[ExI] Broken Time Translation Symmetry and State Reduction
Damien Broderick
thespike at satx.rr.com
Sun Jan 24 20:51:33 UTC 2010
This might interest some here (Serafino?):
<http://arxiv.org/abs/0912.4202>
Broken Time Translation Symmetry as a model for Quantum State Reduction
Authors: Jasper van Wezel
(Submitted on 21 Dec 2009)
Abstract: The symmetries that govern the laws of nature can be
spontaneously broken, enabling the occurrence of ordered states.
Crystals arise from the breaking of translation symmetry, magnets from
broken spin rotation symmetry and massive particles break a phase
rotation symmetry. Time translation symmetry can be spontaneously broken
in exactly the same way. The order associated with this form of
spontaneous symmetry breaking is characterised by the emergence of
quantum state reduction: systems which spontaneously break time
translation symmetry act as ideal measurement machines. In this review
the breaking of time translation symmetry is first compared to that of
other symmetries such as spatial translations and rotations. It is then
discussed how broken time translation symmetry gives rise to the process
of quantum state reduction and how it generates a pointer basis, Born's
rule, etc.
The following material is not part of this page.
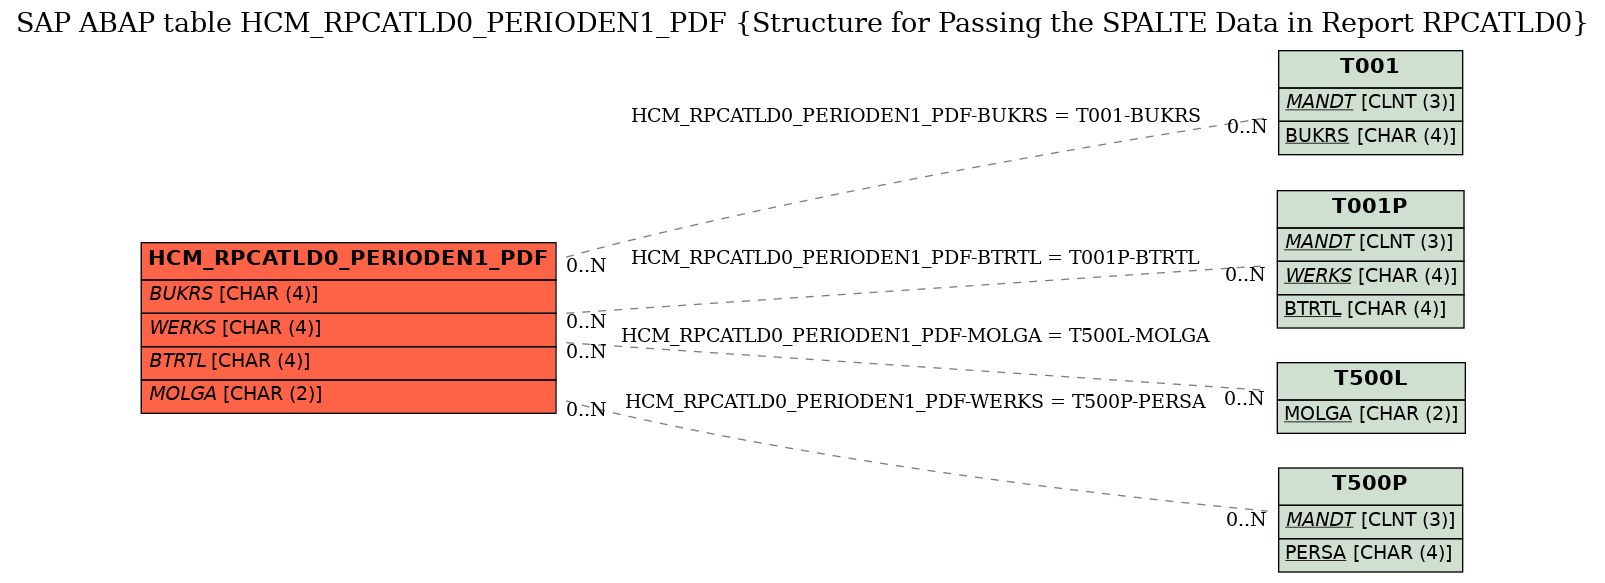 E-R Diagram for table HCM_RPCATLD0_PERIODEN1_PDF (Structure for Passing the SPALTE Data in Report RPCATLD0)

After a comparison between this model and alternative
approaches to the problem of quantum state reduction, the experimental
implications and possible tests of broken time translation symmetry in
realistic experimental settings are discussed.
----
A commentator notes: "Broken time translation symmetry is code for
non-unitarity, of course." Which is usually regarded as a no-no.